Well the numbers are very roughly rounded, I must say, but the jump in cost is definitely there. I mentioned before that the procedure itself, up to the point of islet introduction into the patient, is only a small part of the cost, which is significantly inflated due to drugs and related follow-up tests. We still haven't determined how many weekly injections are required, we'll know more as the studies advance.

But the fact that the drug is not as expensive as the others, and is not administered as frequently as the others but rather once a week, and considering that there will not be the need for many other accompanying drugs that are added secondary to to immunosuppression, such as antibiotics and anti-fungals, and considering that the follow-up may be reduced in expanse so as not to require liver scans and kidney function tests, the cost falls to a much more manageable range. This translates into a greater numbers of patients per trial and thus a greater chance to reach conclusions fast and optimize therapy.

Ms. Chaiet: 

Your work is primarily with diabetes I, yet it has been noted that “50% of patients with Type II diabetes can also benefit from your approach”. The focus of diabetes II rests on the function of the insulin in the peripheral cells not the spherical cells of the pancreas as in diabetes I. The Human Genome Project identified 27 genes associated with diabetes II and of these 27 it was determined that 18 were islet function related. Do you think your research can benefit patients with DII? How?

Dr. Lewis: 

Many studies spurred after we published this association between the benefit of the naturally occuring molecule and diabetes. One such study was held in Sweden, where they established that 50% of type 2 diabetes patients have below-normal levels of circulating alpha-1-antitrypsin. Also, the Harvard group had one finding that supports this to be true in mice. It appears that in many cases of type 2 diabetes, inflammation is a prominent factor, enough to alter disease course when removed. To test this directly we will need the type 2 study to begin, but it's still in the planning.

Ms. Chaiet: 

Because AAT is already an approved drug FDA has moved rapidly in support of human clinical trail for your procedure. Trials are scheduled to begin this year. However, FDA has decided to add a group to the study. What does this mean and how will this effect results? Do you feel it is necessary?

Dr. Lewis: 

I have great respect for the work of FDA, it is a vital aspect of everything that we translate from research into the clinic. You can't imagine the optimism and motivation I have and my students have as we unfold more of these findings, if it were up to us, each phone call from each family that finds us would grant the patients an immediate positive reply. That's what the FDA is for. Here, we designed the trial with an initial dose that was slightly higher than that reported until today, arguing that we feel the impact would be greater on disease. Noticing this novelty in dosing, we were advised to add an arm which verifies that this is OK and in paralel add specific follow-ups to answer to concerns of dose-related effects. This is understandable and luckily not a great hold-back.

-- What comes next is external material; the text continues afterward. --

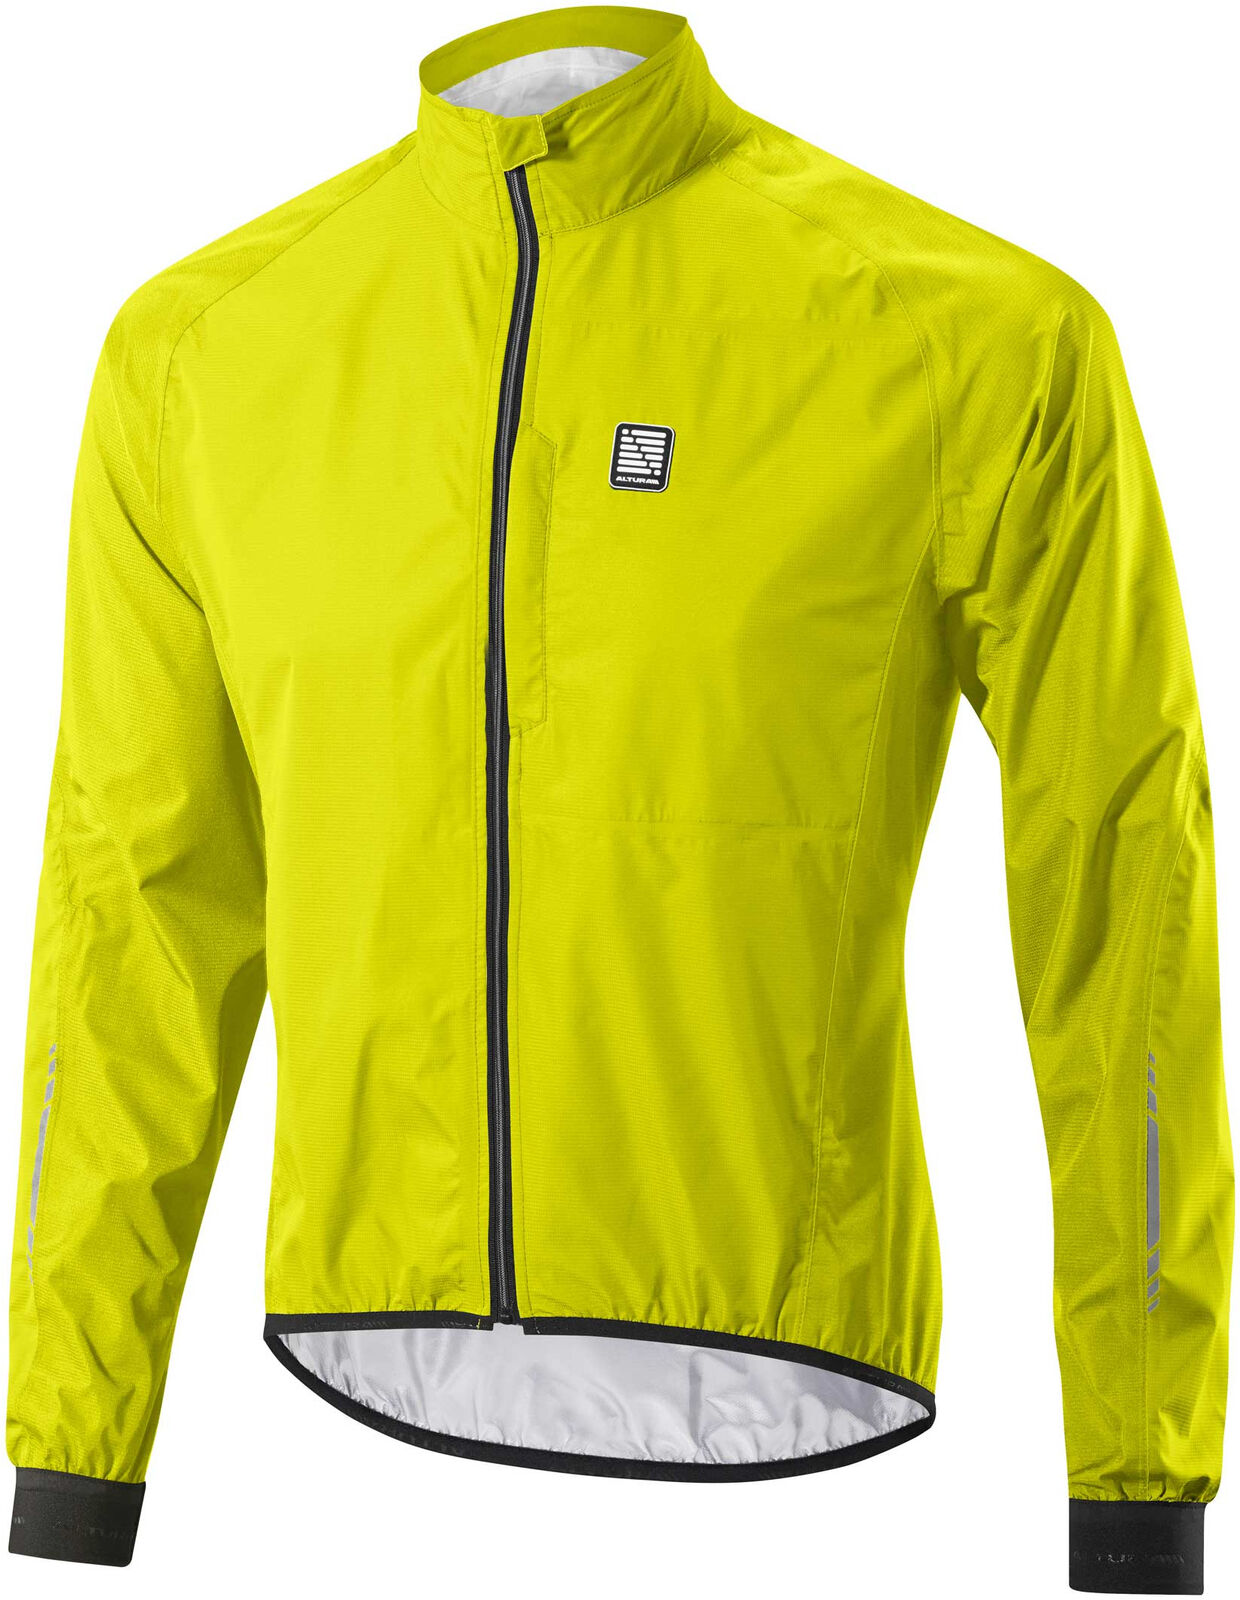 Altura GRUPPO impermeabile Ciclismo giacca da uomo-Giallo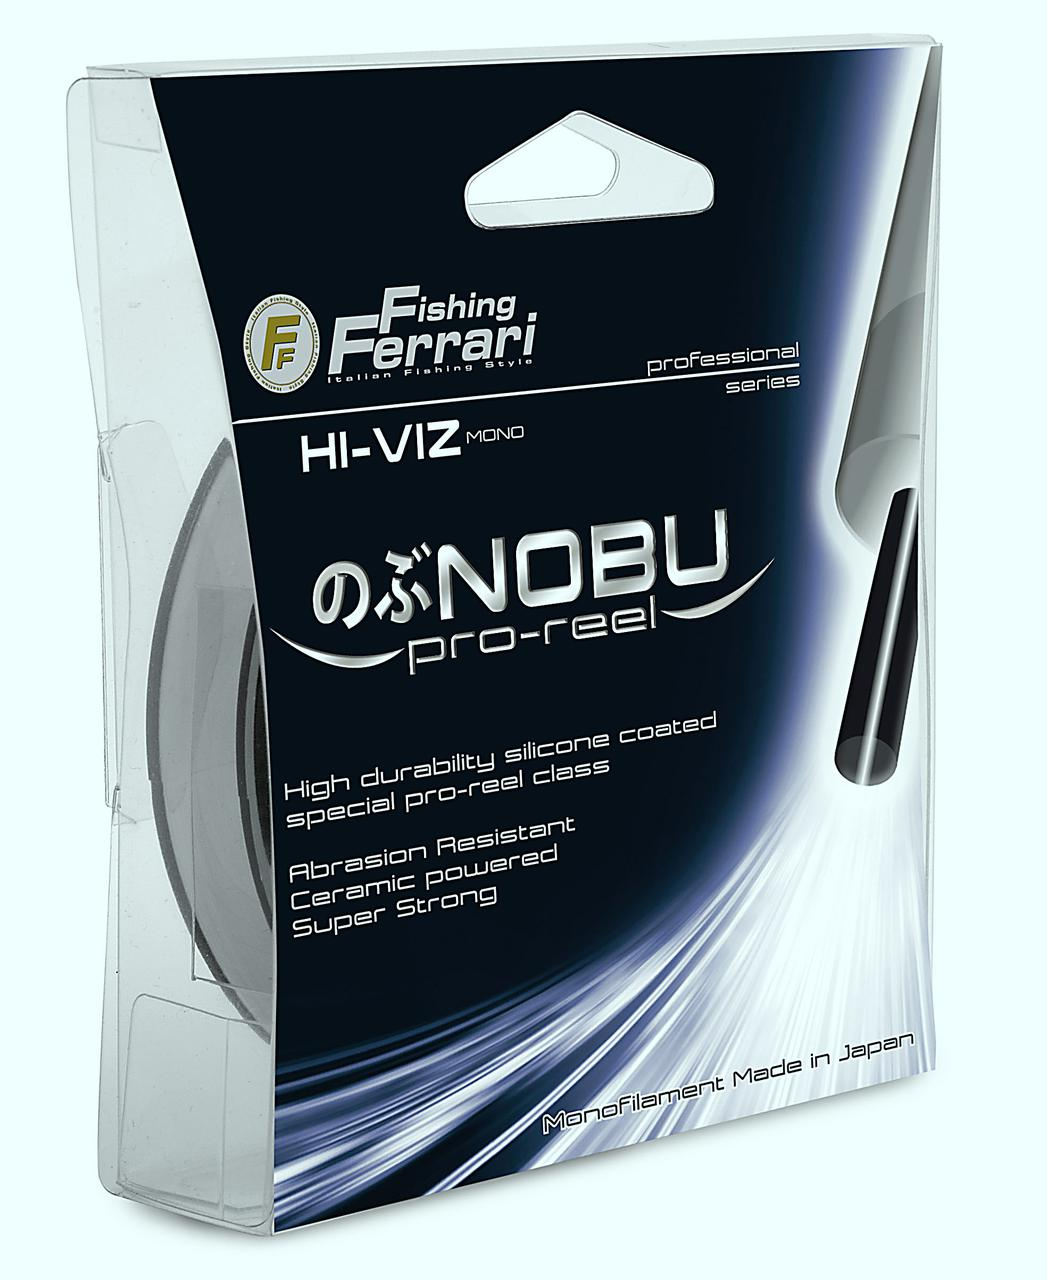 Леска Lineaeffe FF NOBU  Pro Reel 0.40мм 150м. FishTest-20,00кг Sand Special (серый)  Made in Japan

In scientific terms, we must remember that this molecule circulates our blood system at a concentration range of 1 to 6 mg per milliliter depending on the state of the individual; the therapy still does not reach these levels, so we are confident that we're good to go. The molecule falls into a rare category that seems more and more attractive as research advances, that is, a group of protective moelcules that the body makes, but not enough, and not long enough. Add them, and you gain the benefits with a remarkable safety range.

Ms. Chaiet: 

Thank you Dr. Lewis for speaking with me today.